***** SOURCE MATERIAL
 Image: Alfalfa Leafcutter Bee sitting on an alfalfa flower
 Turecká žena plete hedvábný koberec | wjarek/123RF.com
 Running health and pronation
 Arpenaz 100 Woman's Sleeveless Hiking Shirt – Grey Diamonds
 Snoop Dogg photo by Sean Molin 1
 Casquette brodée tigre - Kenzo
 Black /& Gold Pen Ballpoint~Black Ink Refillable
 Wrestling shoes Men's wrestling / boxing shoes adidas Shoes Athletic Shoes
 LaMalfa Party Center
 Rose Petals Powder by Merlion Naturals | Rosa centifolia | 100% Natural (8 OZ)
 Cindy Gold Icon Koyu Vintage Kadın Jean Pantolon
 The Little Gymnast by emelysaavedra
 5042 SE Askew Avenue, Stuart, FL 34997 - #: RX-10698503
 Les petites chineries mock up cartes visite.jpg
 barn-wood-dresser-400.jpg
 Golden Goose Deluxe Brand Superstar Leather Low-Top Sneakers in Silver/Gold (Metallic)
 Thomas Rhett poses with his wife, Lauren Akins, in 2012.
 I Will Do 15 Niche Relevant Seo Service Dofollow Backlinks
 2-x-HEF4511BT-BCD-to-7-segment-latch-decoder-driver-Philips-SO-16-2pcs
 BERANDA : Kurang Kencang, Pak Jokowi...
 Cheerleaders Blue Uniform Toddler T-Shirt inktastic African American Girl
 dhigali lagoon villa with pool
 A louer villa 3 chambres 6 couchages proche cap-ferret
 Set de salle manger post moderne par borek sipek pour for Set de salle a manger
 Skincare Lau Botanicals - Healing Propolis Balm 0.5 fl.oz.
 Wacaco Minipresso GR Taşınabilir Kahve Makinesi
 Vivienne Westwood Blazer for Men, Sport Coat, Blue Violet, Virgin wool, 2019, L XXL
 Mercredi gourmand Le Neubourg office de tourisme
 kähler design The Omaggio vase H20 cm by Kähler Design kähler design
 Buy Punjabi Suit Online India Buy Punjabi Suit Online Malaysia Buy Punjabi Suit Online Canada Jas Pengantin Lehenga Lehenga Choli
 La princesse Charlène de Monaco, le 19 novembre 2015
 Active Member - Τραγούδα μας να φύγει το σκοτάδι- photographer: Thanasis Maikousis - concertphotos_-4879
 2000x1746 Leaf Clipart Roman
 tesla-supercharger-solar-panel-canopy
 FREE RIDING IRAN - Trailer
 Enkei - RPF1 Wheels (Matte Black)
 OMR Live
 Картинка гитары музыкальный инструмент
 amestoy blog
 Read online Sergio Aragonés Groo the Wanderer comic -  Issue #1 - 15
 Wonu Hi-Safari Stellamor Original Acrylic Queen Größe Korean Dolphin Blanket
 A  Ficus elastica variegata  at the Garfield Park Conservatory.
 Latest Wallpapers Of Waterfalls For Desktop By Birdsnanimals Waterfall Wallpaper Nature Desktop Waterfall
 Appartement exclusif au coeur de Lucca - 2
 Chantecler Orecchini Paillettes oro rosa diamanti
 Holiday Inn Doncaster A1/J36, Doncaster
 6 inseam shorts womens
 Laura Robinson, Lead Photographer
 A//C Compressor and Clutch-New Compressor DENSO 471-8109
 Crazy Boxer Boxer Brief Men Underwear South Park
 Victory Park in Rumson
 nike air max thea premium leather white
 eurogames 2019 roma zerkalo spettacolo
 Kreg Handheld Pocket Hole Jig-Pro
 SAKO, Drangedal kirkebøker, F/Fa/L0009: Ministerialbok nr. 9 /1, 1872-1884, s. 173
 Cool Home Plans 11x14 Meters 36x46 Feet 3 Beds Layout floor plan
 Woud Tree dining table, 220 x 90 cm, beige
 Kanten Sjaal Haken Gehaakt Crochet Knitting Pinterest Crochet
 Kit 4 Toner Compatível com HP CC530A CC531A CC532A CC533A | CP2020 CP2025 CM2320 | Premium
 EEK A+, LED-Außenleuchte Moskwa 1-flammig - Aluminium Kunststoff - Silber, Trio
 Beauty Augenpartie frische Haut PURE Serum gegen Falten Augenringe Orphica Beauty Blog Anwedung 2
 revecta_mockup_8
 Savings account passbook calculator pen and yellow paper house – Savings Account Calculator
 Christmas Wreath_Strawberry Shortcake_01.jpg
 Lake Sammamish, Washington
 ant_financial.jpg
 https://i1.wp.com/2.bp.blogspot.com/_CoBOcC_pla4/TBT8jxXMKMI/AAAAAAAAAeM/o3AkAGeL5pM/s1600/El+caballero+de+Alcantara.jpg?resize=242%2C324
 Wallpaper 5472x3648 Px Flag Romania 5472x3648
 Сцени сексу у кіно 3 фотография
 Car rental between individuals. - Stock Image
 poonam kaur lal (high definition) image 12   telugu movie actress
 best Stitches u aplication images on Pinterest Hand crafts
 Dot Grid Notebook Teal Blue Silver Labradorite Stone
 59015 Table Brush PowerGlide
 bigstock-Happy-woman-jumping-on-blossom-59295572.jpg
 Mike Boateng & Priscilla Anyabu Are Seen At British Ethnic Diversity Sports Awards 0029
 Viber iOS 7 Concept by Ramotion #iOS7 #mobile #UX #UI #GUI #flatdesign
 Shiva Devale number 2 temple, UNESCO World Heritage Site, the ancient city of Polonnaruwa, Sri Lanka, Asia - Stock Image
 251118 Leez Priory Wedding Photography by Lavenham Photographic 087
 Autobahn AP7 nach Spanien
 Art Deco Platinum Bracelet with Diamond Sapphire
**********
» PROMPT: Reprint the data above from the opening line to the line holding "Cindy Gold Icon", inclusive, and nothing else.

» SOLUTION TO THE PROBLEM:
 Image: Alfalfa Leafcutter Bee sitting on an alfalfa flower
 Turecká žena plete hedvábný koberec | wjarek/123RF.com
 Running health and pronation
 Arpenaz 100 Woman's Sleeveless Hiking Shirt – Grey Diamonds
 Snoop Dogg photo by Sean Molin 1
 Casquette brodée tigre - Kenzo
 Black /& Gold Pen Ballpoint~Black Ink Refillable
 Wrestling shoes Men's wrestling / boxing shoes adidas Shoes Athletic Shoes
 LaMalfa Party Center
 Rose Petals Powder by Merlion Naturals | Rosa centifolia | 100% Natural (8 OZ)
 Cindy Gold Icon Koyu Vintage Kadın Jean Pantolon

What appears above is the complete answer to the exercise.